Yang lebih memprihatinkan lagi, Indonesia adalah negara pembuang sampah plastik nomor dua dunia setelah China. Penelitian Jenna R Jambeck dan kawan-kawan dari Universitas Georgia yang dimuat di jurnal Science (2015) mengungkapkan, Indonesia hampir tidak mengolah limbah plastiknya sama sekali. Dari 3,8 juta ton sampah plastik yang dihasilkan, 3,2 juta ton berakhir di laut setiap tahun.
Sudah banyak upaya dunia untuk mengurangi limbah plastik ini. Ada Ocean Conservancy yang sudah lebih dari 30 tahun berperan serta membersihkan pesisir dari sampah plastik. Juga The Ocean Clean Up, Project Aware, dan Blue Ventures. Dunia memang harus bergerak bersama-sama untuk menyelamatkan lautan. Apalagi kenyataan menunjukkan, ancaman terhadap lautan dan sumber daya di dalamnya tak hanya dari sampah.

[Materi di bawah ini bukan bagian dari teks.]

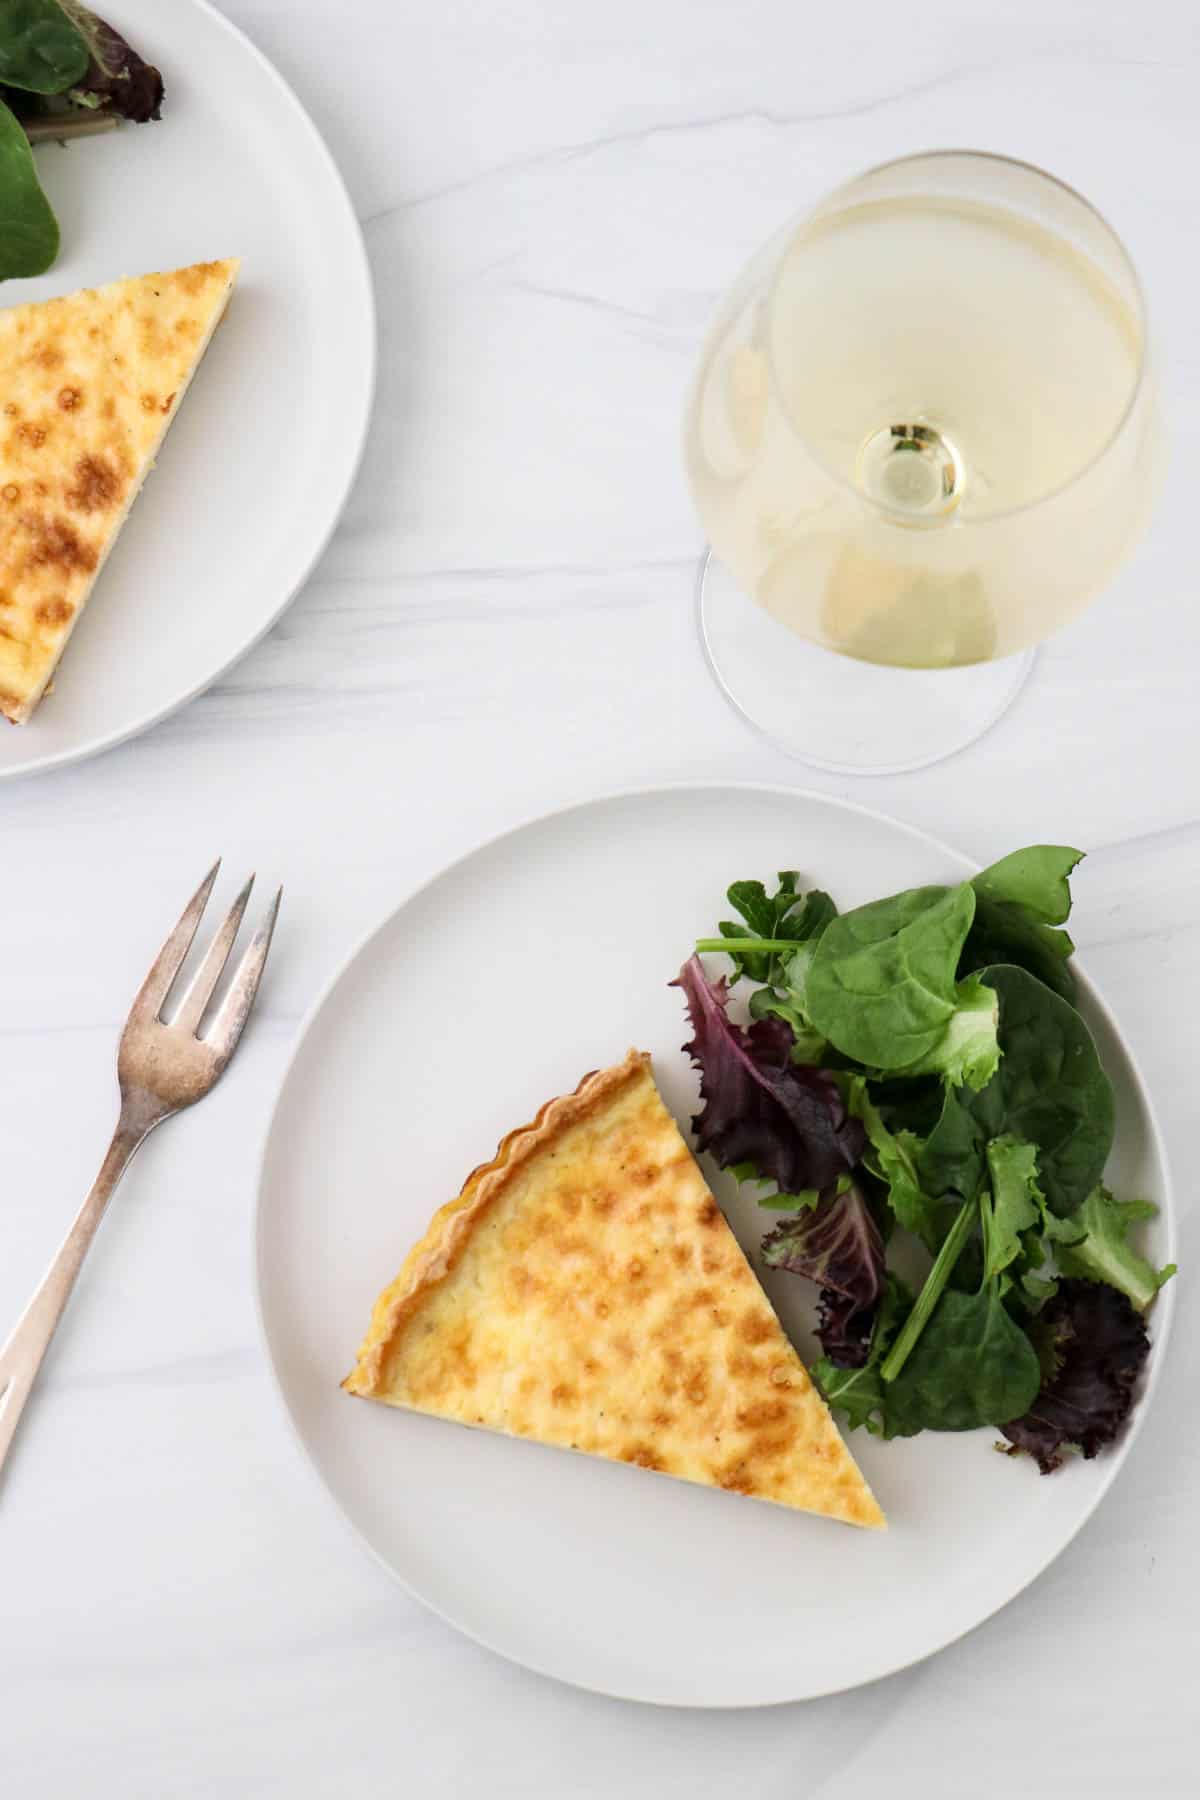 Swedish Cheese Pie (Västerbottenpaj) on a plate with salad next to a glass of wine and fork.

Dalam Our Ocean Conference (OCC, Konferensi Kelautan) pertama di Washington, 2014, pokok bahasan mencakup sistem perikanan yang berkelanjutan, polusi, dan peningkatan kadar asam air laut. Oleh karena itu, konferensi yang dihadiri berbagai pemangku kepentingan itu—pemerintah, ilmuwan, praktisi, perseorangan, dan lembaga swadaya—membuat pelbagai rencana aksi, kerja sama, dan inisiatif yang nilainya setara dengan 800 juta dollar AS. Komitmen kawasan laut yang ditangani mencapai lebih dari 4 juta kilometer persegi, lebih besar dari Eropa.

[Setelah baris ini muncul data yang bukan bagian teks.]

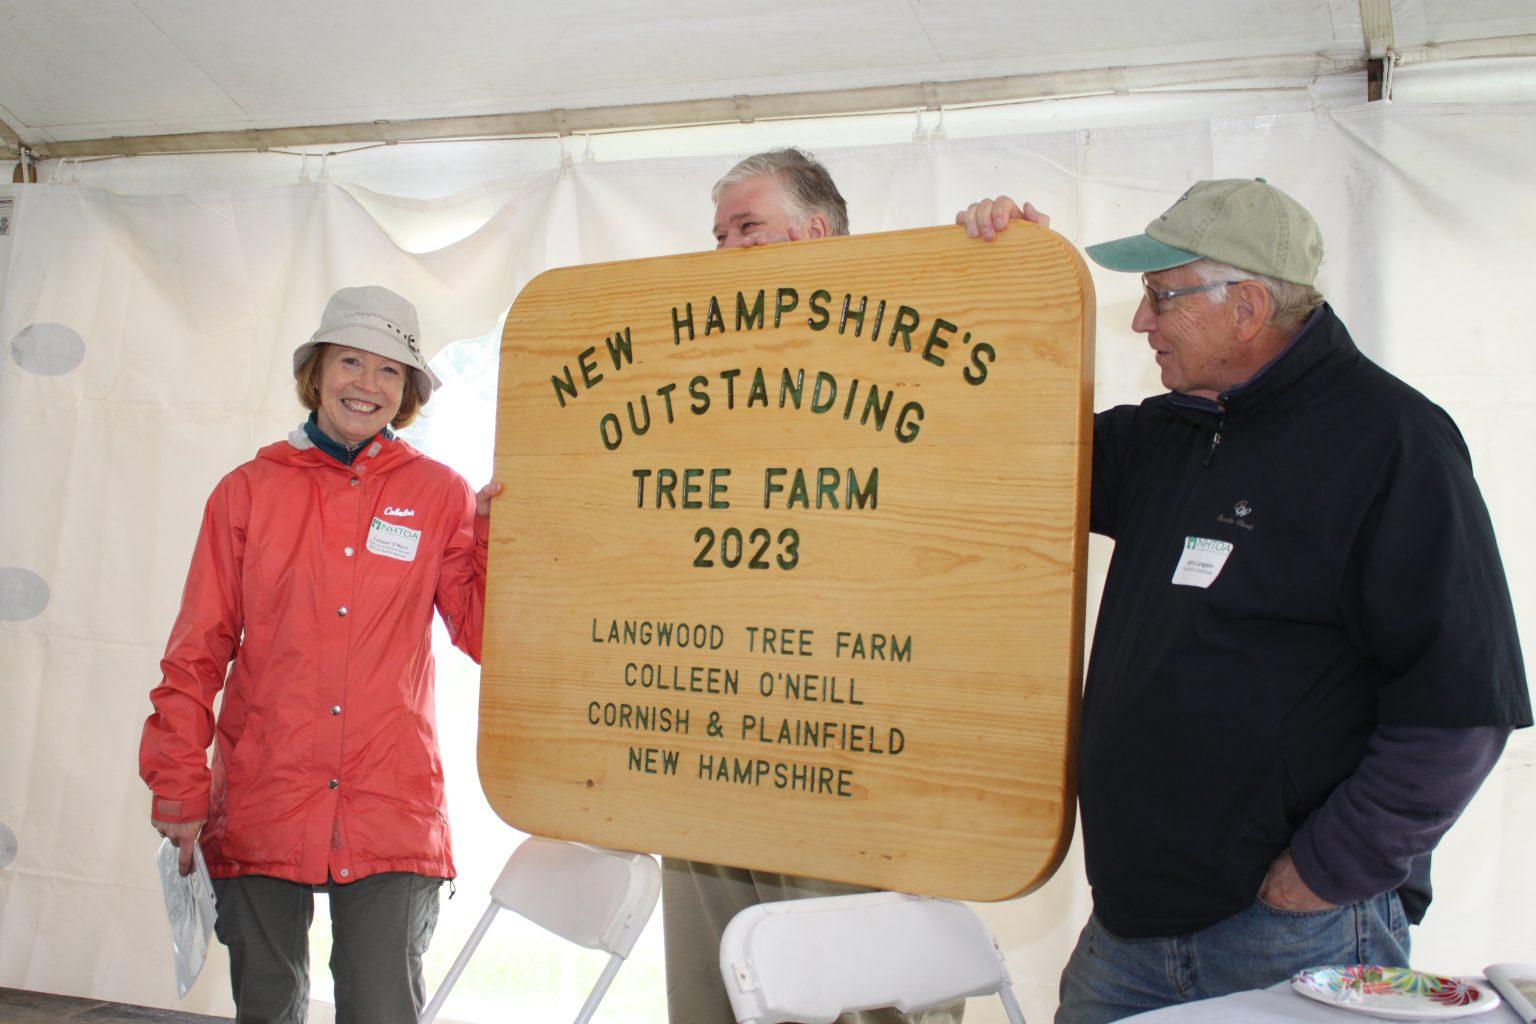 Colleen O'Neill accepts the large wooden sign at the event.

Sejak itulah Konferensi Kelautan berlangsung setiap tahun. Tahun ini Konferensi Kelautan diselenggarakan di Bali, 29-30 Oktober. Dihadiri 1.900 peserta dari 37 negara, delapan di antaranya kepala pemerintahan dan negara, Indonesia mengajak dunia bekerja sama menyelamatkan lingkungan kelautan.
Masalah laut berkembang tidak hanya mengupayakan keberlanjutan sistem perikanan, polusi, sampah, dan kadar keasaman air laut, tetapi meluas ke dampak rumah kaca dan keamanan maritim. Indonesia bahkan membuat 23 komitmen dengan nilai investasi sekitar 500 juta dollar AS.

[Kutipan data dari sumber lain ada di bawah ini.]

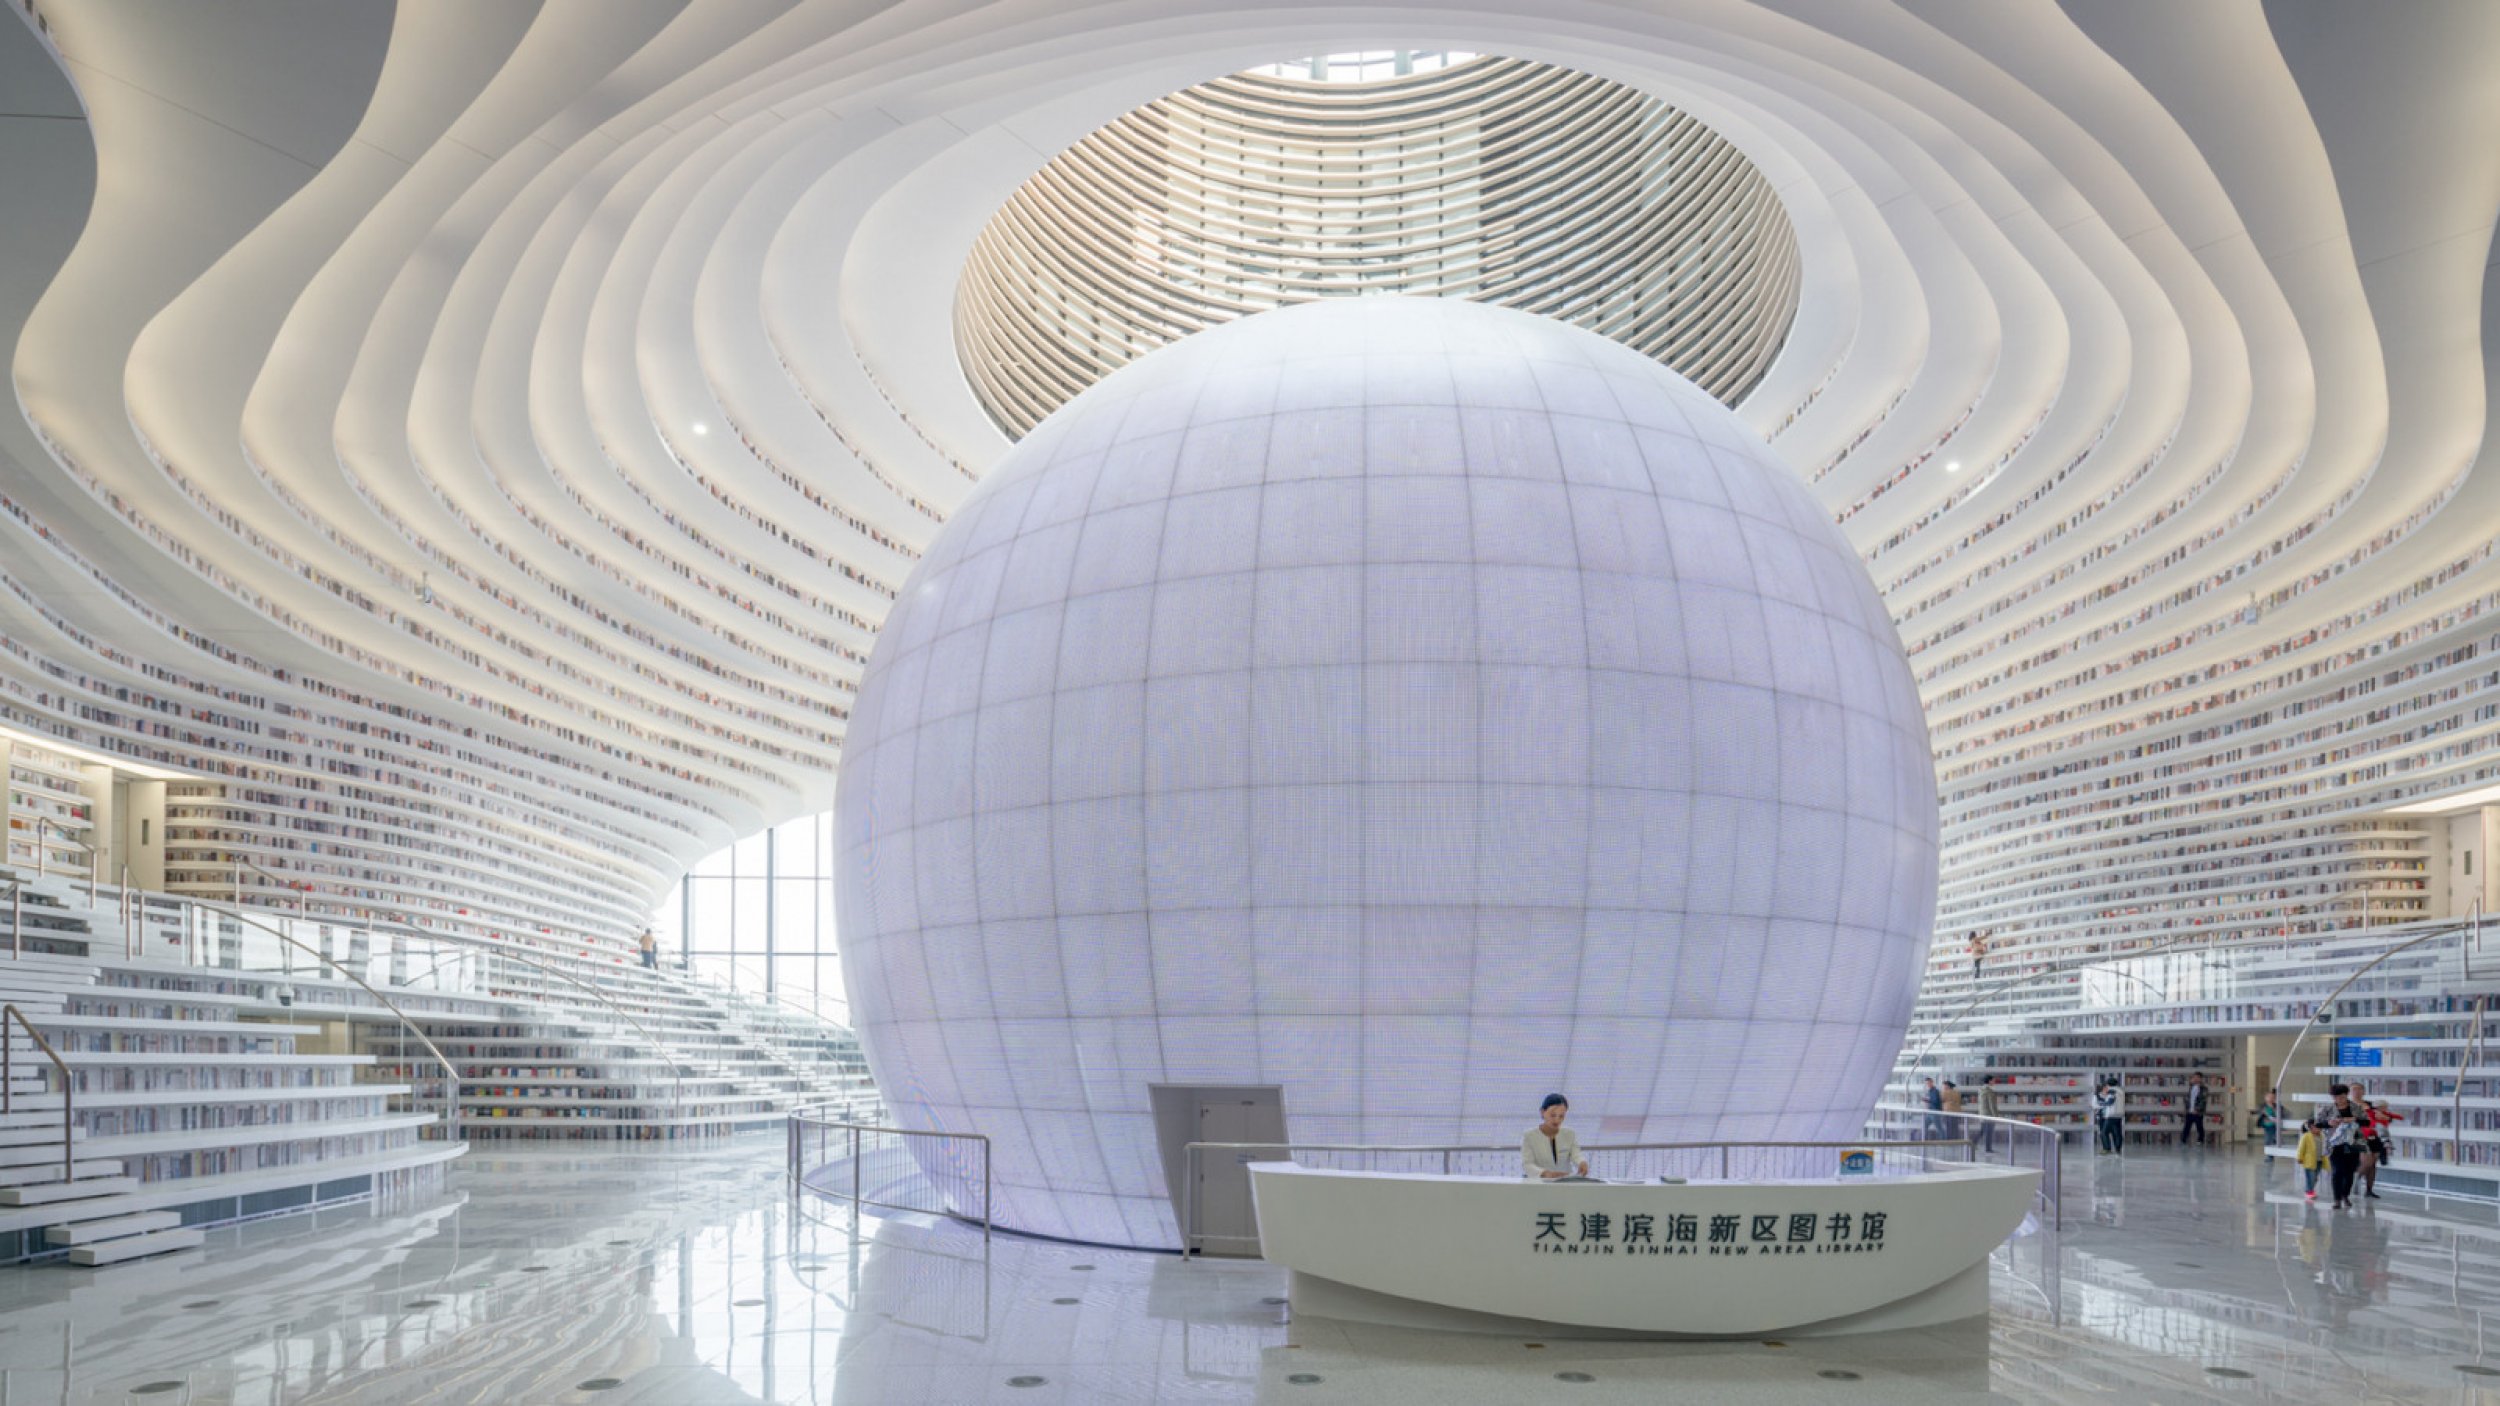 This Magnificent Library In China Is Shaped Like A Giant Eye

Indonesia juga akan berinvestasi 3 juta dollar AS sepanjang tiga tahun ke depan untuk mendukung ekonomi biru global. Menurut Direktur Jenderal Penguatan Daya Saing Produk Kelautan dan Perikanan Kementerian Kelautan dan Perikanan Rifky Effendi Hardijanto, investasi terutama untuk mengembangkan proses industri perikanan tanpa sampah (Kompas, 31/10).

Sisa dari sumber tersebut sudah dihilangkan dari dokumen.